Supplied material:
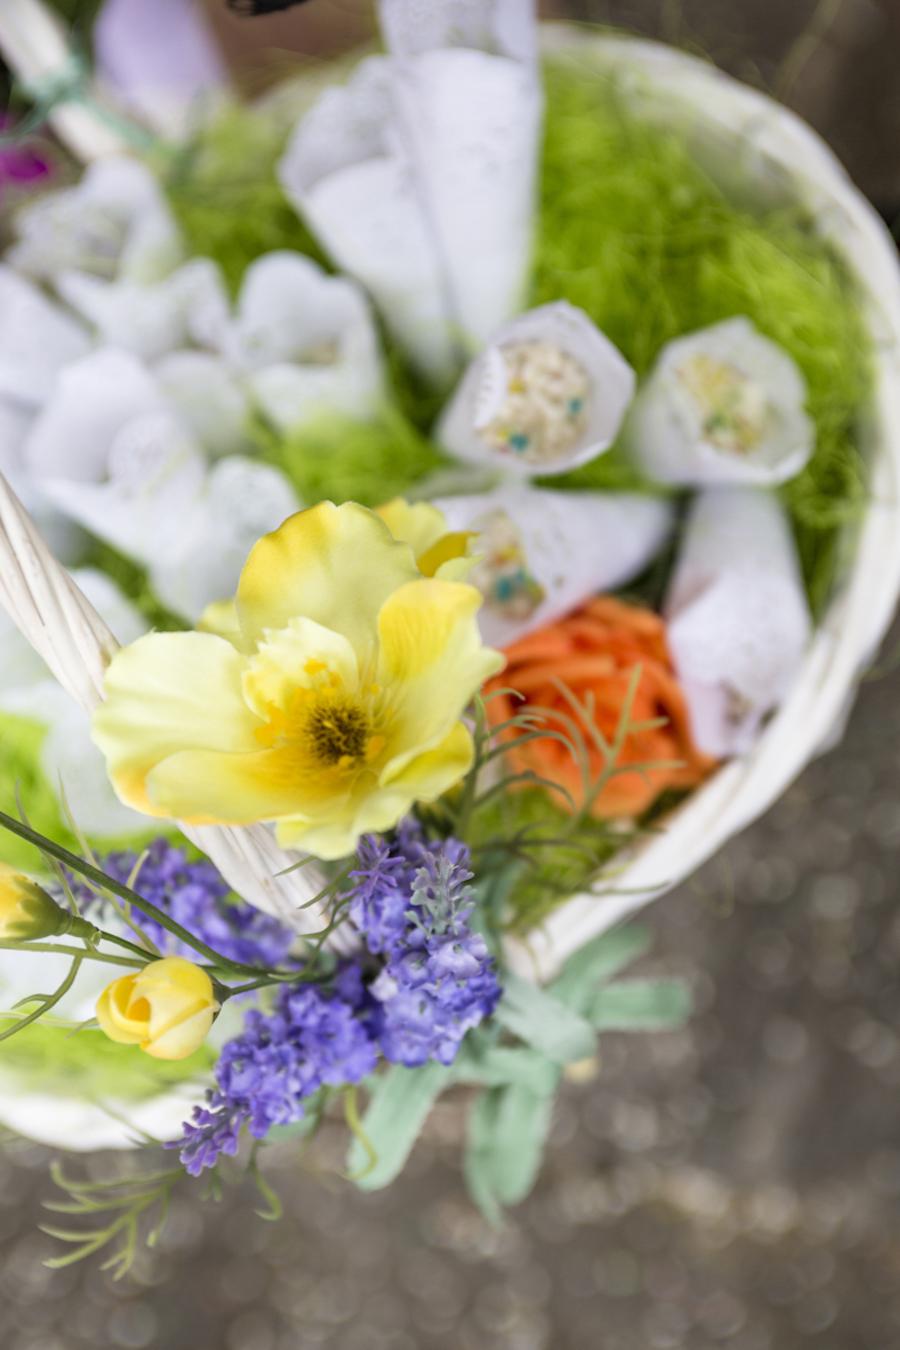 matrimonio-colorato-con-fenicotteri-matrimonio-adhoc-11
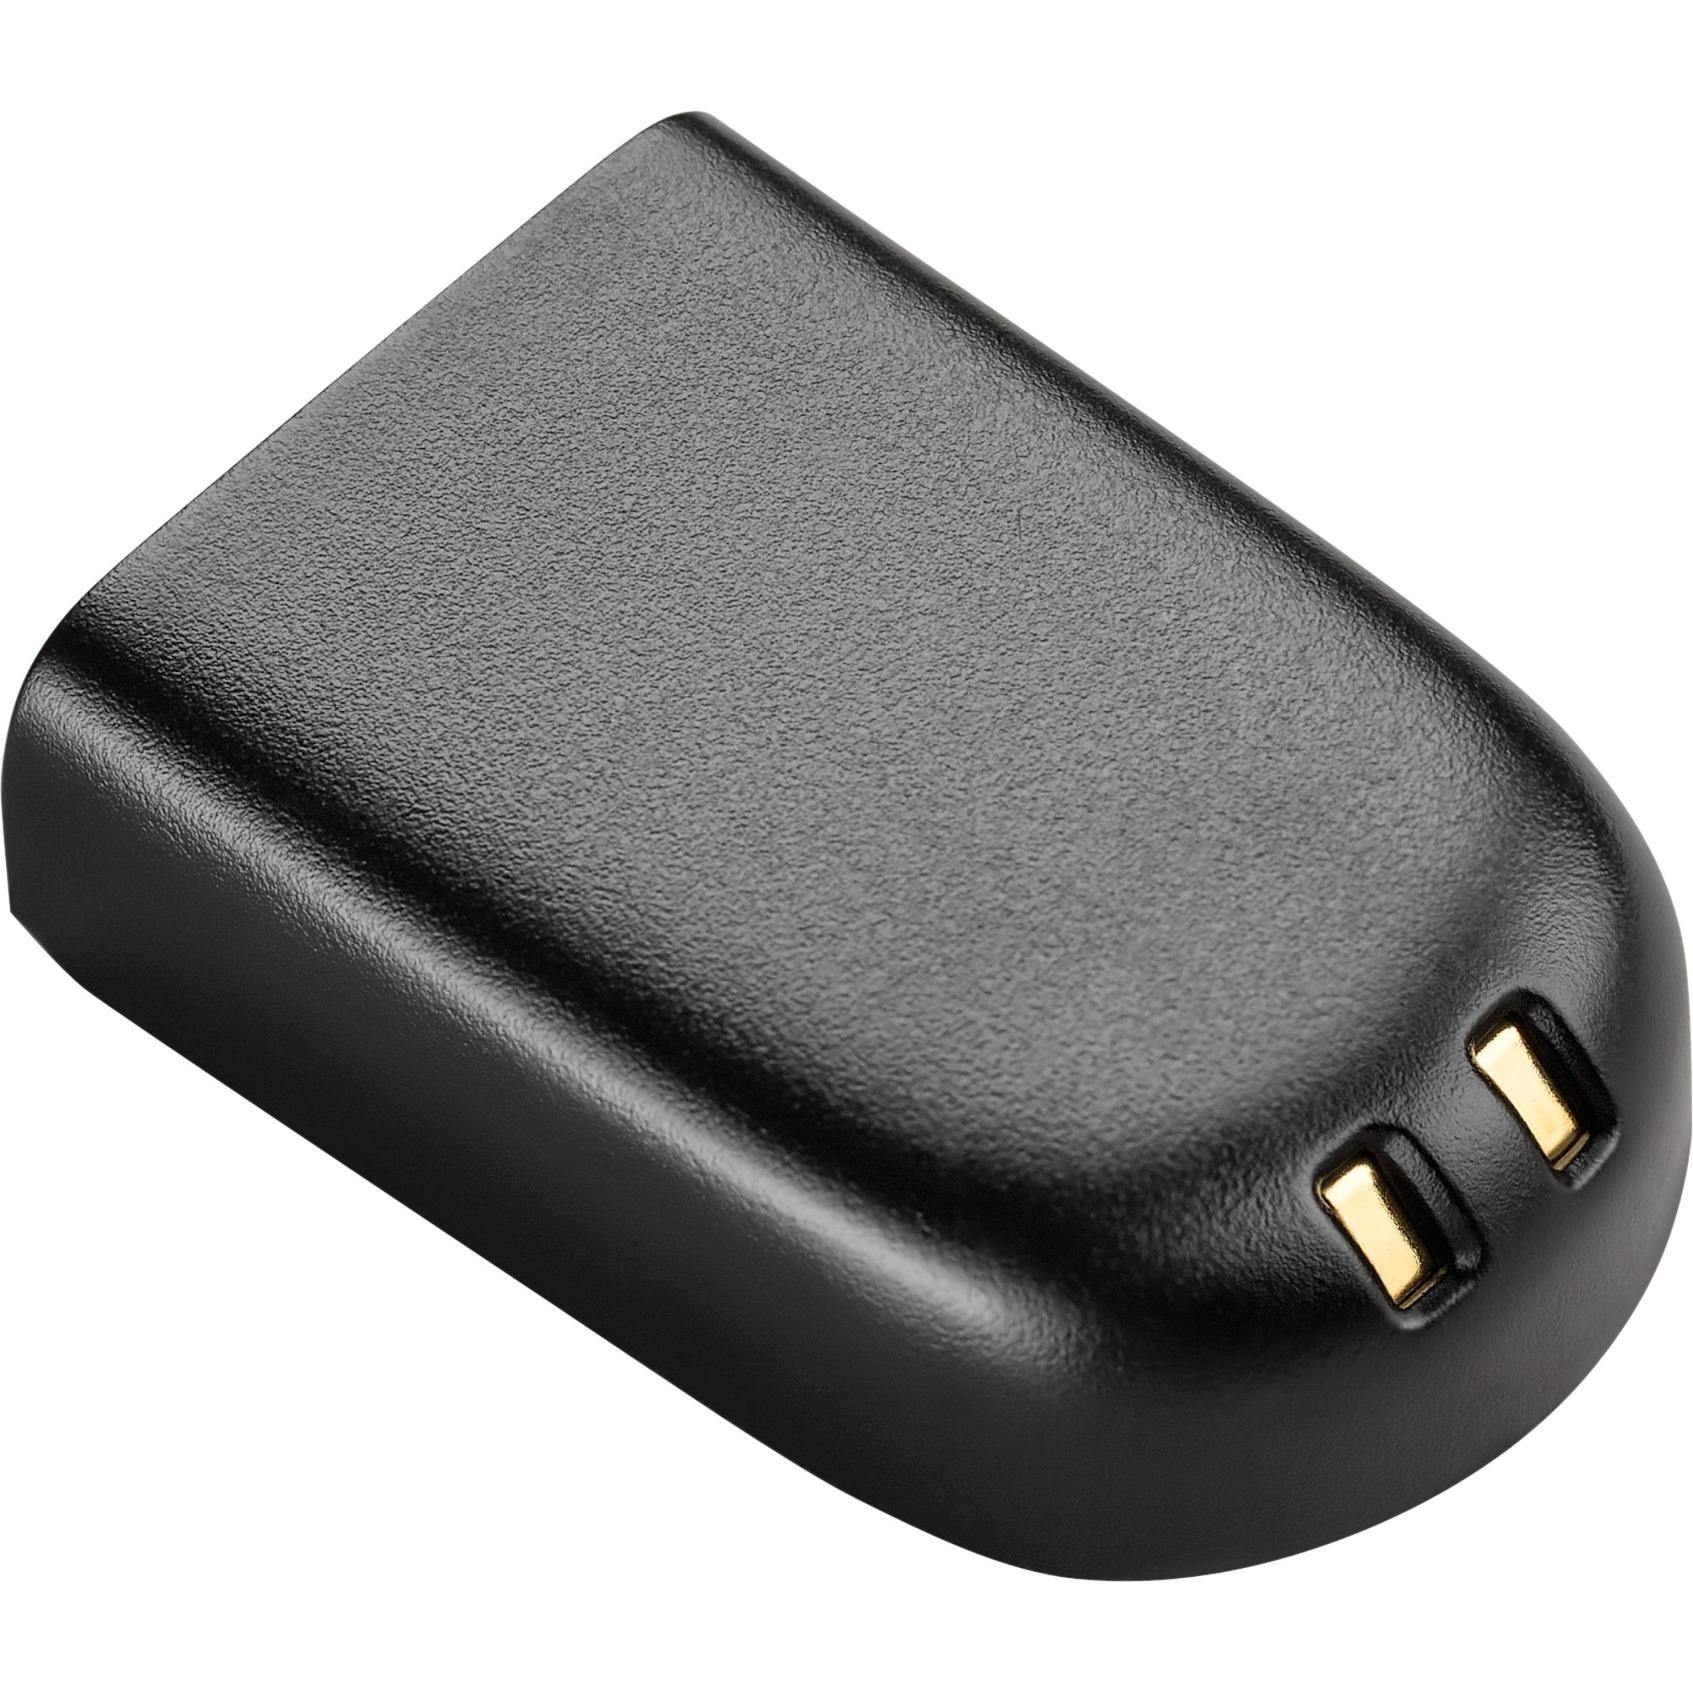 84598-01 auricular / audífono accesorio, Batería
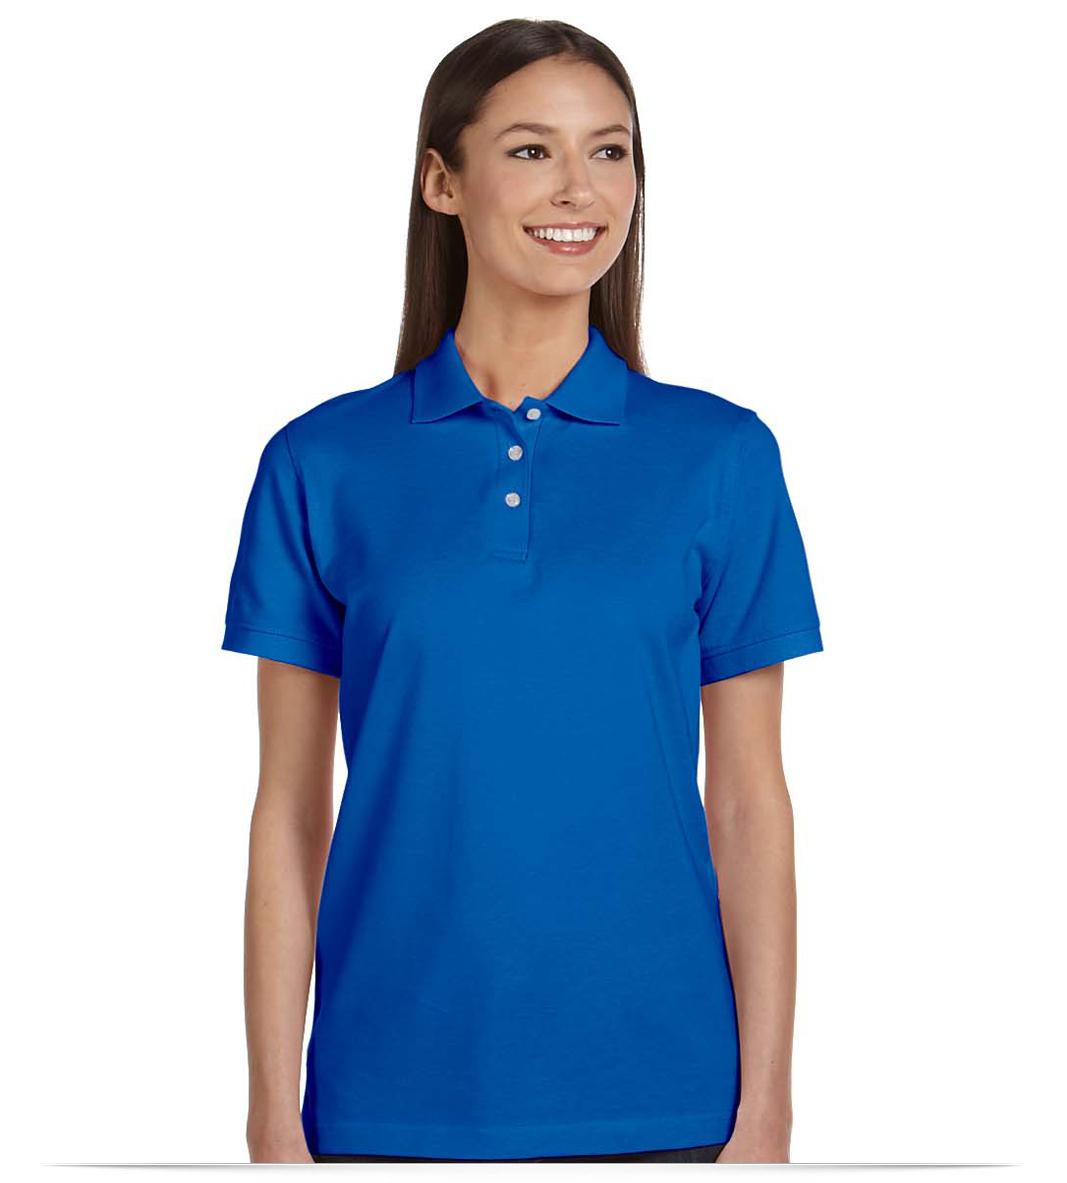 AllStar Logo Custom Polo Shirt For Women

What is expected:
Starting with the top line, write out all the data above exactly; keep the pictures out.

Response:
 matrimonio-colorato-con-fenicotteri-matrimonio-adhoc-11
 84598-01 auricular / audífono accesorio, Batería
 AllStar Logo Custom Polo Shirt For Women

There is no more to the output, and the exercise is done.